July 18, 2017 – OTTAWA, ON – Competition Bureau 

While an influx of tourists make Canada their number one destination this year as part of the country’s 150th birthday celebration, the Competition Bureau is calling on municipalities across the country to give both hungry travellers and locals the convenience to choose mobile food services when they eat out. 

In its latest issue of the Competition Advocate, titled “Promoting Fair Competition in the Restaurant and Mobile Food Industry,” the Bureau highlights the benefits of the removal of barriers to operate food trucks and other mobile food services, which increases competition, innovation and consumer choice. These include: attracting new customers; improved street vitality and community safety; development of pedestrian-friendly environments; greater neighbourhood interaction; affordable and convenient food options; and increased employment opportunities.

The publication highlights the large amount of variation seen in the regulation of mobile food services across Canada, which in some cases may disproportionately impact the ability of food trucks to compete with “bricks-and-mortar” restaurants.
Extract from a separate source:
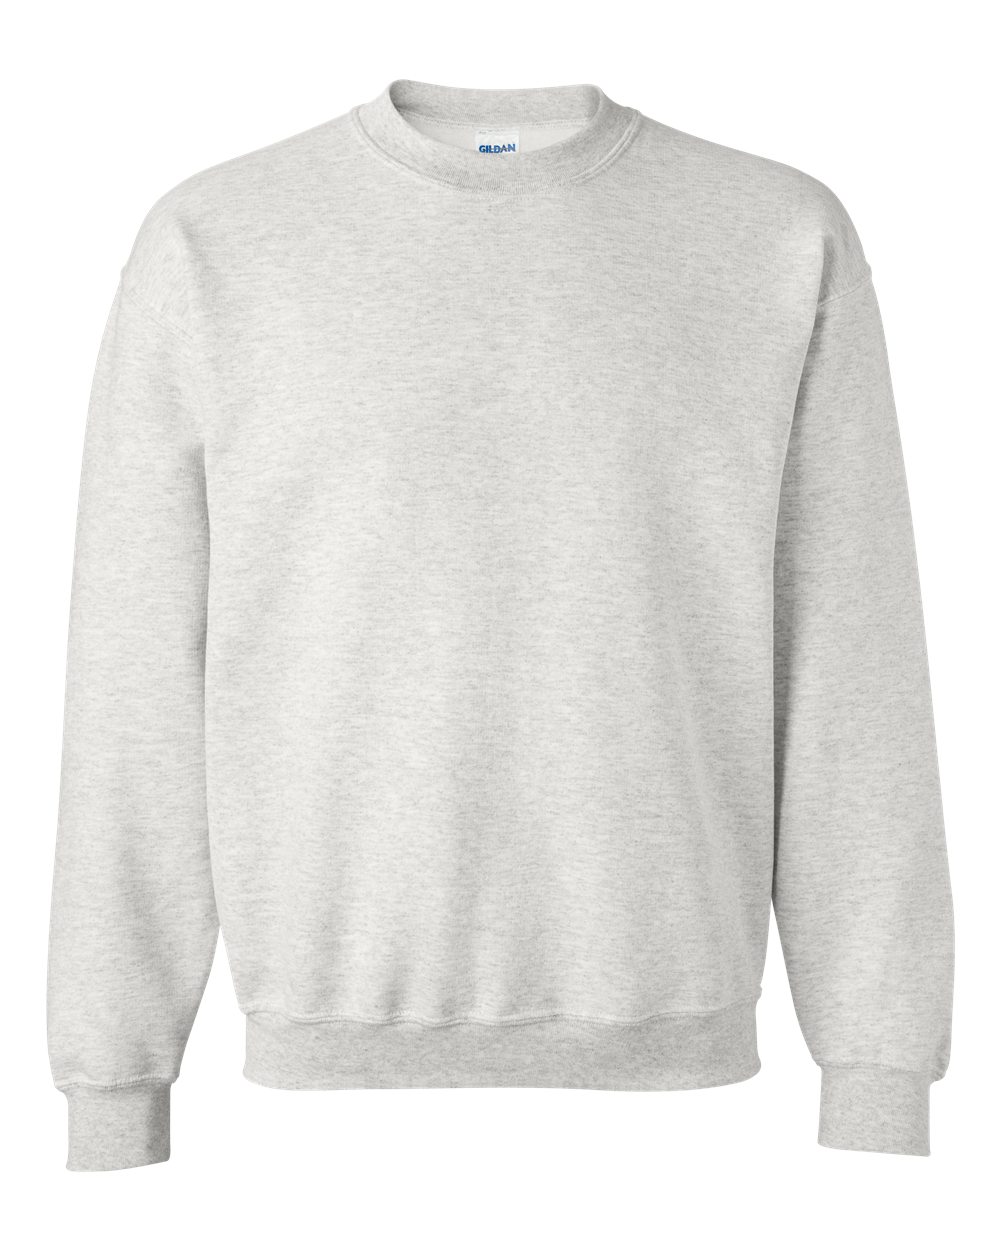 Fleece DryBlend Crewneck Sweatshirt - image 1 of 5
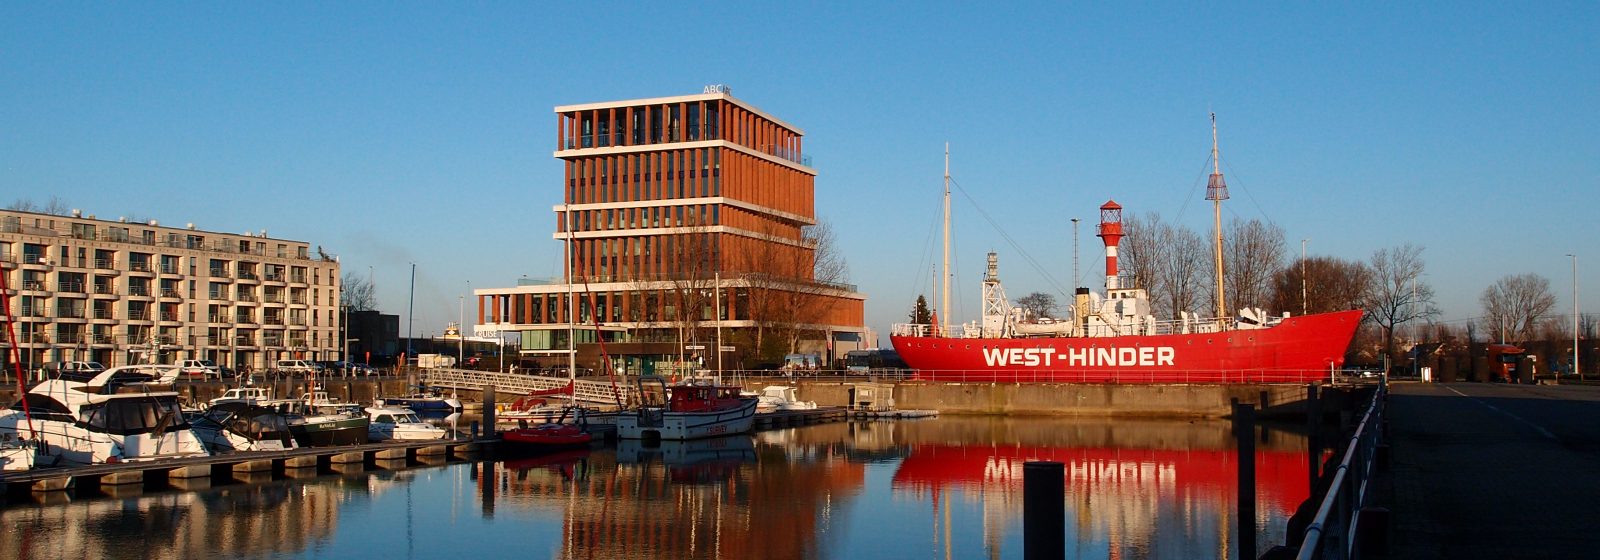 ABC-toren (cruiseterminal) met 'Westhinder II' in Zeebrugge

It offers municipalities emerging best practices to guide regulatory reform:

  • Repeal or reduce proximity requirements;

  • Limit where mobile food providers can operate only when necessary to achieve legitimate policy objectives;

  • Let the market choose economic winners; and

  • Avoid overly restrictive operating hours that inhibit the ability of mobile food providers to operate during peak dining hours.

Quick Facts

  • Mobile food services and restaurants are two differentiated business models that require different levels of investment and offer different levels of service.

  • More than 2,200 mobile food services operators in Canada are expected to earn more than $300 million in revenue in 2017.

  • With low start-up costs, the mobile food service industry encourages innovation by, and is accessible to, middle-class entrepreneurs, new Canadians and aspiring chefs.

  • Fees currently imposed by some municipalities to operate mobile food services are up to $500 per hour.

  • The growth of food trucks in Toronto went up from 14 in 2015 to 56 in 2016 by reducing requirements placed on operators. In Vancouver, in 2010, where regulations have been relaxed, the growth of mobile food went up from 17 to over 100 vendors.